Note: running ECE cluster using KVM nodes is only for test purpose and not officially supported.
Requirements:
- Each KVM node needs >10G RAM. My config is 16G RAM
- Minimal 4 ECE nodes(4+2p). But it can tolerate only one node failure. If any ECE node is down, it will enter critical rebuild phase which impacts performance a lot.
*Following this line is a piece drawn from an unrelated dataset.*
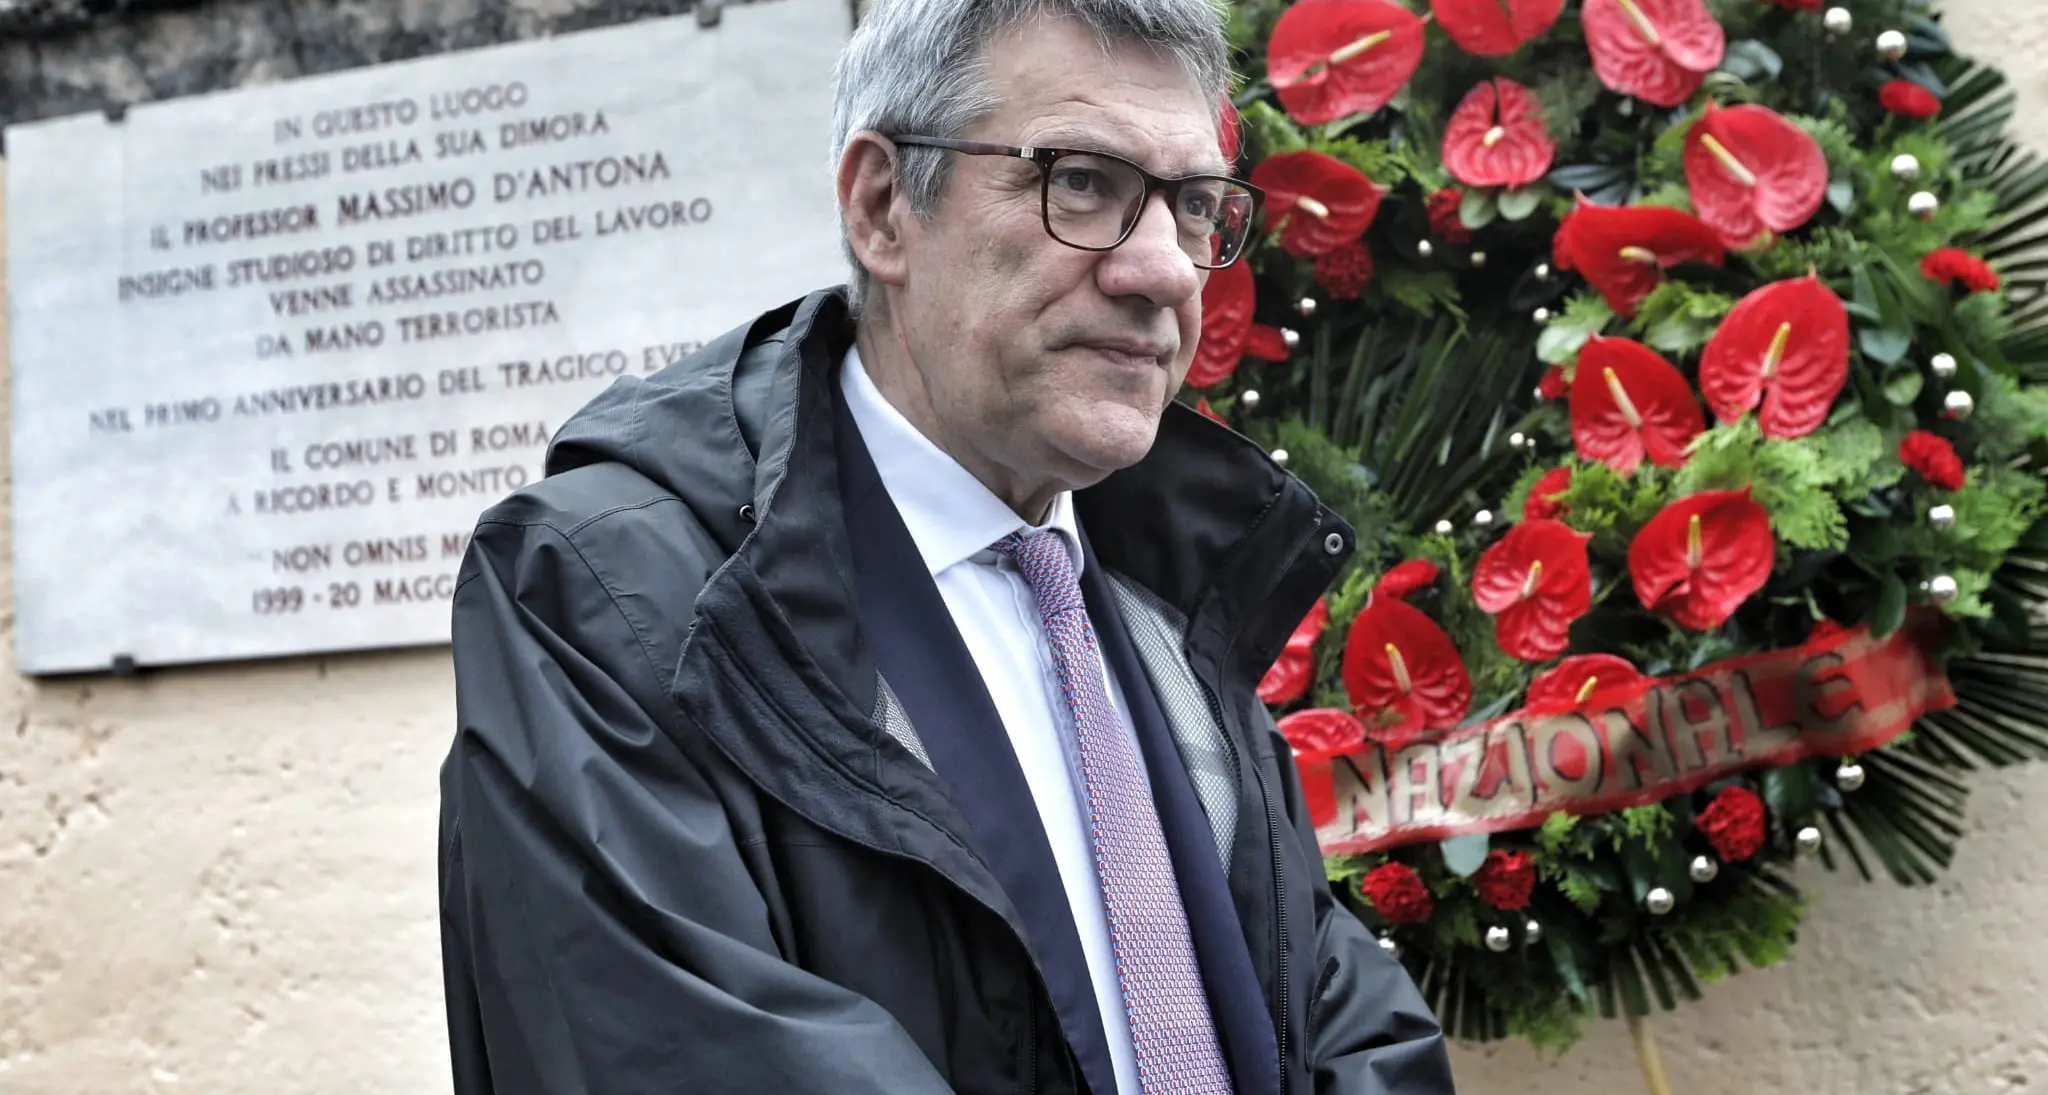 Commemorazione di Massimo D’Antona

- Minimal totally 12 pdisks in the cluster. Each disk > 15G. e.g., 4+2p, 4 nodes, GNR meta data will take up ~180G. I have 12x20GB pdisks, but the FS has only 49G total space….
- Disk drives must be presented as SCSI pass through device in virtual machine.
Each drive used in Recovery Group must assign a WWID that is unique in the cluster. You can check this by using the ls -l /dev/disk/by-id or lsscsi -i command on the virtual machine.
In KVM, you need to specify a cluster wide unique "Serial Number" so a unique WWID could be generated and you also need to select “writethrough” as cache mode
1> Install GPFS RPMS and these ECE RPMS:
gpfs.gnr, gpfs.gnr.base, gpfs.gnr.support-scaleout
2> Create the cluster:
# mmcrcluster -N crcluster.conf -r /usr/bin/ssh -R /usr/bin/scp -C kvm_ece
[root@kvm_ece_2 gpfs_rpms]# mmlscluster
GPFS cluster information
========================
GPFS cluster name: kvm_ece.localdomain
GPFS cluster id: 15607050950619519741
GPFS UID domain: kvm_ece.localdomain
Remote shell command: /usr/bin/ssh
Remote file copy command: /usr/bin/scp
Repository type: CCR
Node Daemon node name IP address Admin node name Designation
----------------------------------------------------------------------------------
1 kvm_ece_1.localdomain 192.168.122.101 kvm_ece_1.localdomain quorum-manager
2 kvm_ece_2.localdomain 192.168.122.102 kvm_ece_2.localdomain quorum-manager
3 kvm_ece_3.localdomain 192.168.122.103 kvm_ece_3.localdomain quorum-manager
4 kvm_ece_4.localdomain 192.168.122.104 kvm_ece_4.localdomain quorum
3> Creating the mmvdisk node class
mmvdisk nodeclass create --node-class ECE01 -N kvm_ece_1,kvm_ece_2,kvm_ece_3,kvm_ece_4
4> Start GPFS
mmstartup -a
5> Verifying recovery group server disk topologies
[root@kvm_ece_1 gpfs_rpms]# mmvdisk server list --node-class ECE01 --disk-topology
node needs matching
number server attention metric disk topology
------ -------------------------------- --------- -------- -------------
1 kvm_ece_1.localdomain no 100/100 ECE 3 HDD
2 kvm_ece_2.localdomain no 100/100 ECE 3 HDD
3 kvm_ece_3.localdomain no 100/100 ECE 3 HDD
4 kvm_ece_4.localdomain no 100/100 ECE 3 HDD
6> Configuring recovery group servers
[root@kvm_ece_1 ]# mmvdisk server configure --nc ECE01 --recycle one
mmvdisk: Checking resources for specified nodes.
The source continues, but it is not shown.